Now I'm creating the embedding layer. I'm setting a random seed so I can reproduce the same results later:

In [None]:
# Setting random seed for reproducibility
torch.manual_seed(123)

# Creating the embedding layer
# It will have vocab_size rows and embedding_dim columns
embedding_layer = torch.nn.Embedding(vocab_size, embedding_dim)

print(f"Embedding layer shape: {embedding_layer.weight.shape}")

Let me look at the embedding weight matrix. Each row corresponds to one token ID:

In [None]:
embedding_layer.weight

Now I'll get the embedding vector for token ID 1. This is just a lookup - it returns row 1 from the weight matrix:

In [None]:
embedding_layer(torch.tensor([1]))

**My understanding**: The embedding layer simply looks up the row corresponding to the token ID. For token ID 1, it returns row 1 of the weight matrix.

Similarly, I can get the embedding for token ID 2:

In [None]:
embedding_layer(torch.tensor([2]))

Now let me convert all my token IDs at once. The embedding layer handles batches efficiently:

In [None]:
token_ids = torch.tensor([2, 3, 1])
embedding_layer(token_ids)

**My takeaway**: The embedding layer returns a matrix where each row is the embedding vector for the corresponding token ID. This is just a series of lookups - very efficient!

## Part 2: Using nn.Linear (The Matrix Multiplication Way)

Now I want to understand how a linear layer can achieve the same result, but why it's less efficient. I'll use one-hot encoding and matrix multiplication.

First, I need to convert my token IDs into one-hot encoded vectors:

In [None]:
onehot = torch.nn.functional.one_hot(token_ids)
print(f"One-hot encoded shape: {onehot.shape}")
print("\nOne-hot encoded vectors:")
print(onehot)

Now I'm creating a Linear layer. This performs matrix multiplication: $X W^T$ where $X$ is the input and $W$ is the weight matrix:

In [None]:
torch.manual_seed(123)
linear_layer = torch.nn.Linear(vocab_size, embedding_dim, bias=False)
print(f"Linear layer weight shape: {linear_layer.weight.shape}")

**Important**: To fairly compare with the embedding layer, I need to use the same weights. The linear layer stores weights transposed, so I'm assigning the transpose of the embedding weights:

In [None]:
linear_layer.weight = torch.nn.Parameter(embedding_layer.weight.T)
print("Assigned embedding weights (transposed) to linear layer")

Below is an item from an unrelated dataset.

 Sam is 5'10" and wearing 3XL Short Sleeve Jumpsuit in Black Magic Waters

Now I'll apply the linear layer to the one-hot encoded input. This performs matrix multiplication:

In [None]:
result_linear = linear_layer(onehot.float())
print("Result from linear layer:")
print(result_linear)

Let me verify this matches the embedding layer output:

In [None]:
result_embedding = embedding_layer(token_ids)
print("Result from embedding layer:")
print(result_embedding)

print("\nAre they equal?", torch.allclose(result_linear, result_embedding))

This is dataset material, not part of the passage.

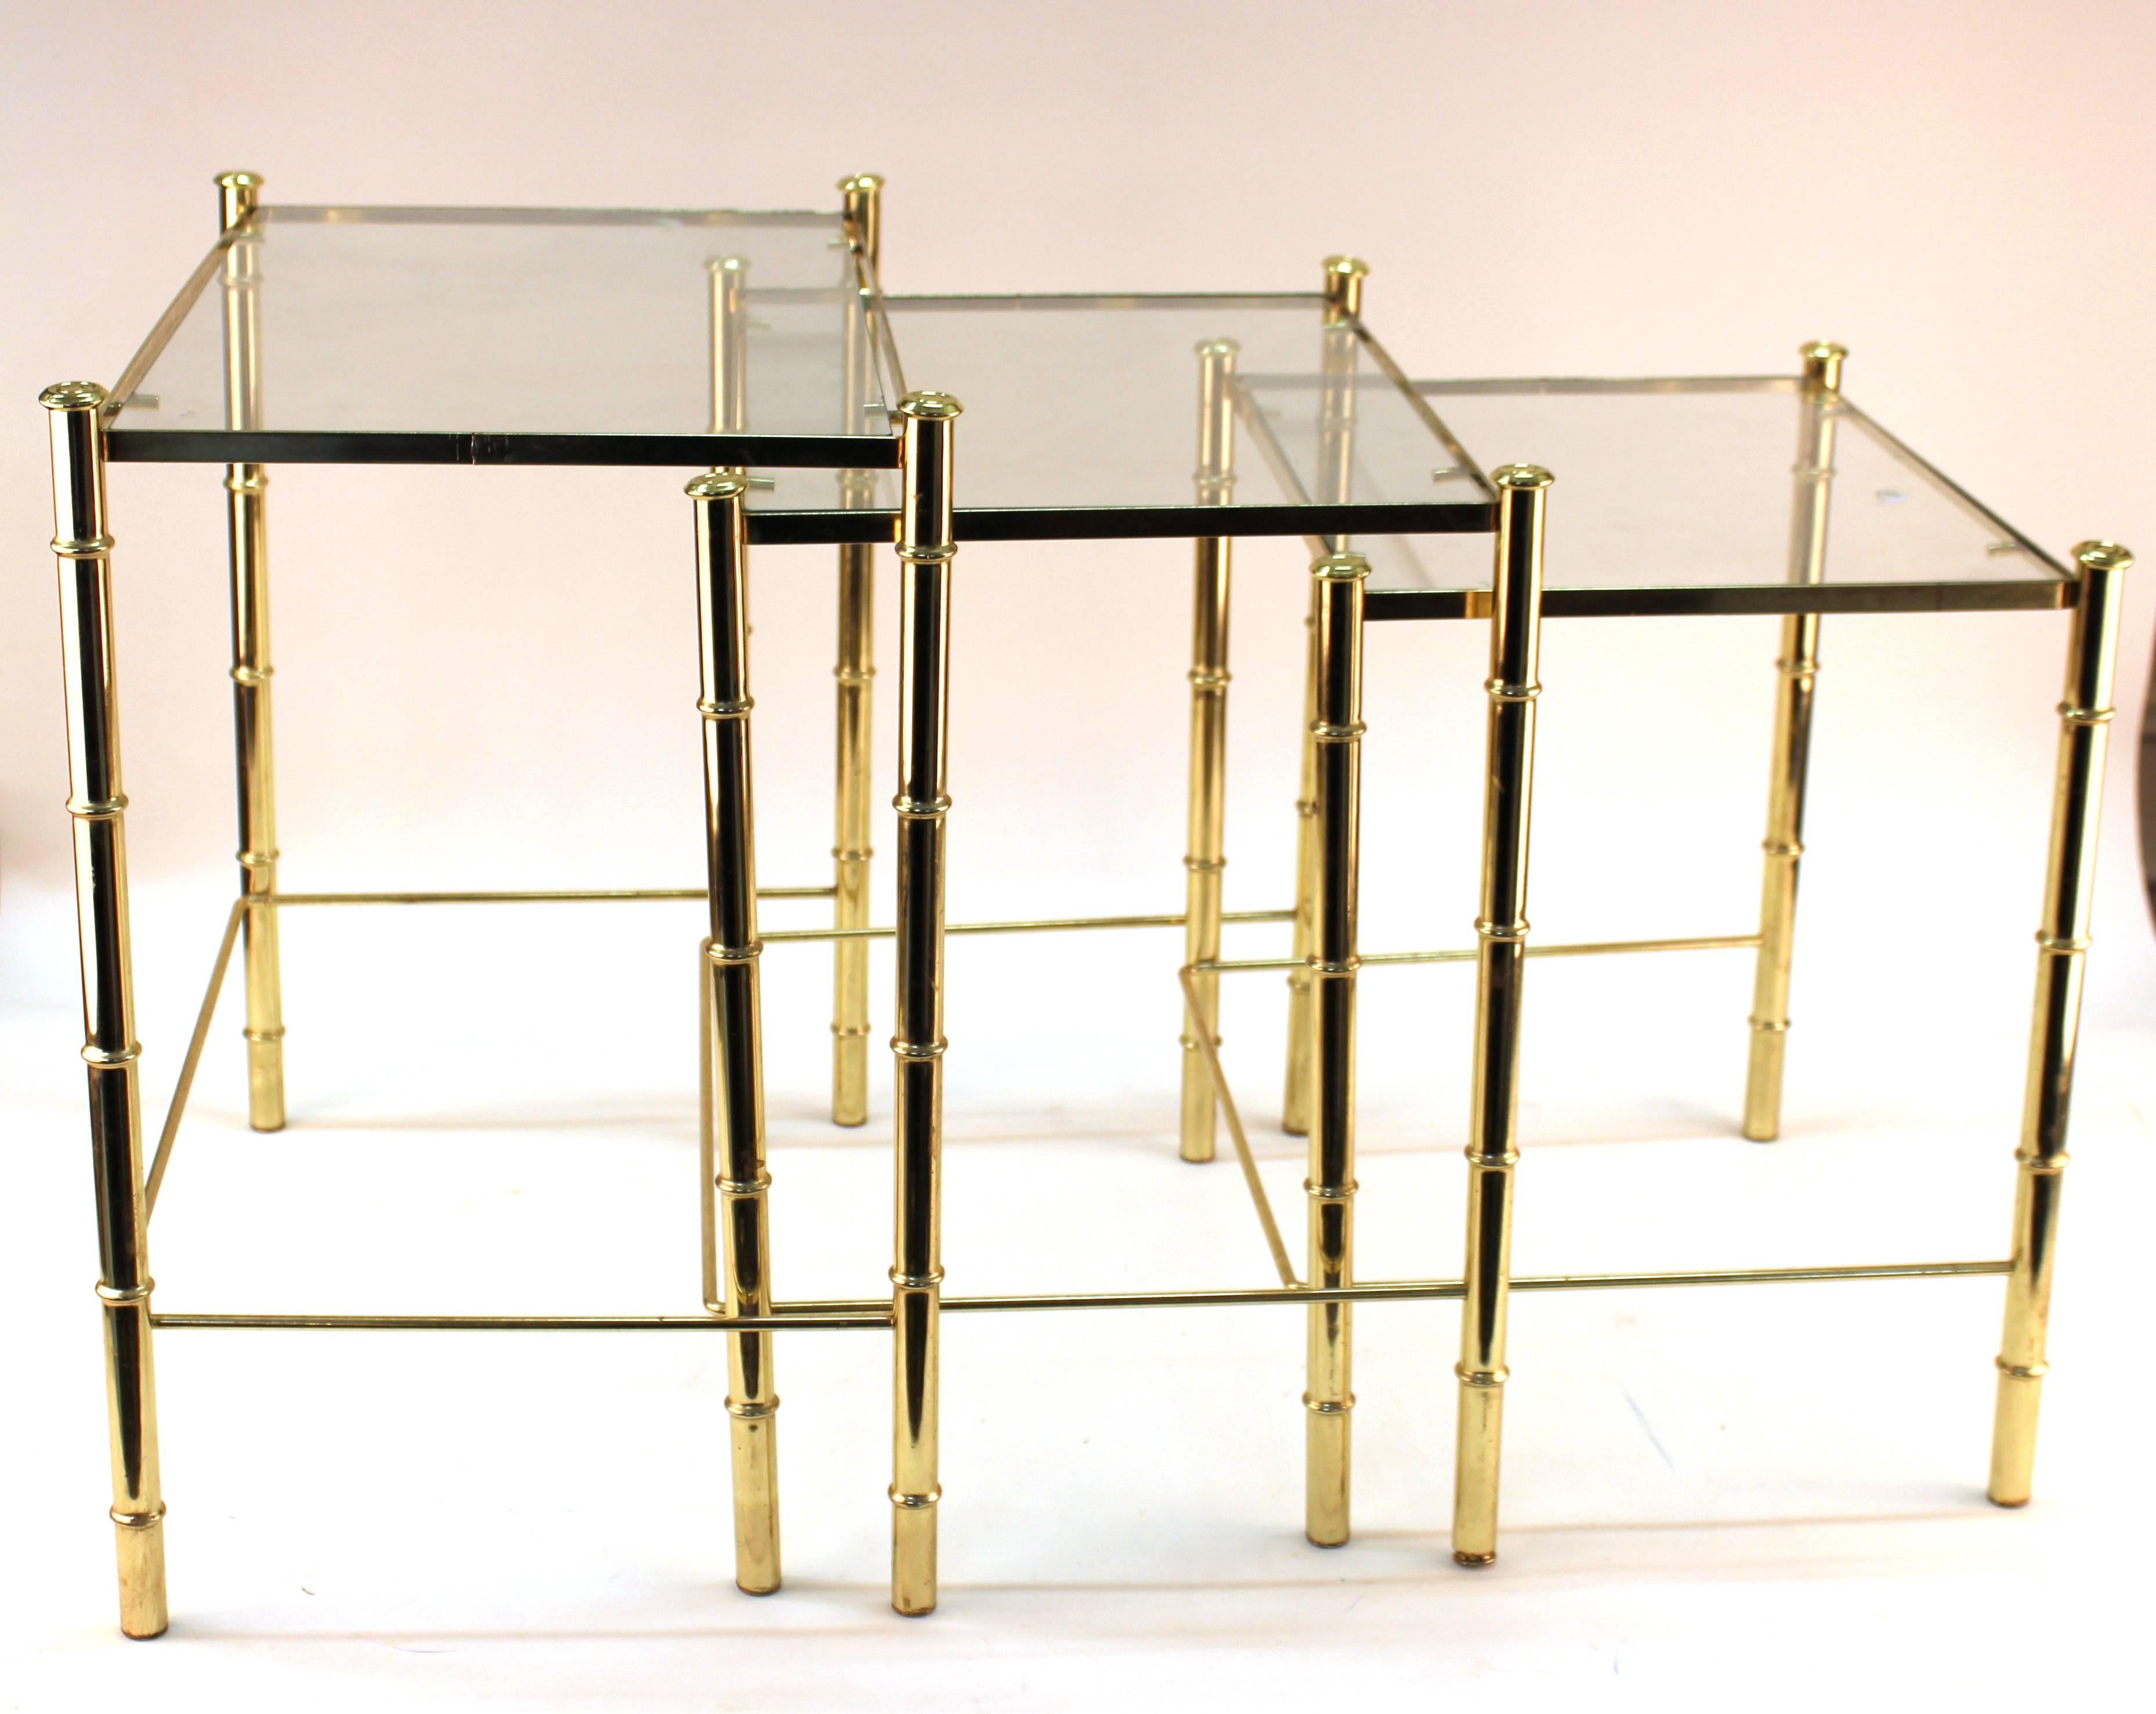 Nesting table and magazine holder set in gilt metal from France. Crafted with faux bamboo motif. Set includes three tables with gilt frames and glass tops. The magazine holder features a faux bamboo handle, criss cross pattern on sides and faux

## Part 3: Understanding Why Embeddings Are More Efficient

**My key insight**: When we multiply a one-hot encoded vector with a weight matrix, we're doing a lot of wasteful multiplications by zero.

For example, for token ID 2, the one-hot vector is `[0, 0, 1, 0]`. When I multiply this with the weight matrix:
- Rows 0, 1, and 3 are multiplied by 0 (wasted computation)
- Only row 2 is multiplied by 1 (the only useful part)

This is exactly the same as just looking up row 2 directly, which is what the embedding layer does!

## My Takeaways

✅ **Mathematical equivalence**: Embedding layers and linear layers (with one-hot encoding) produce identical results

✅ **Computational efficiency**: Embedding layers are much faster because they skip the wasteful multiplications by zero

✅ **When to use which**:
- Use `nn.Embedding` in practice for token embeddings (efficient lookup)
- Use `nn.Linear` for standard transformations (actual matrix multiplication needed)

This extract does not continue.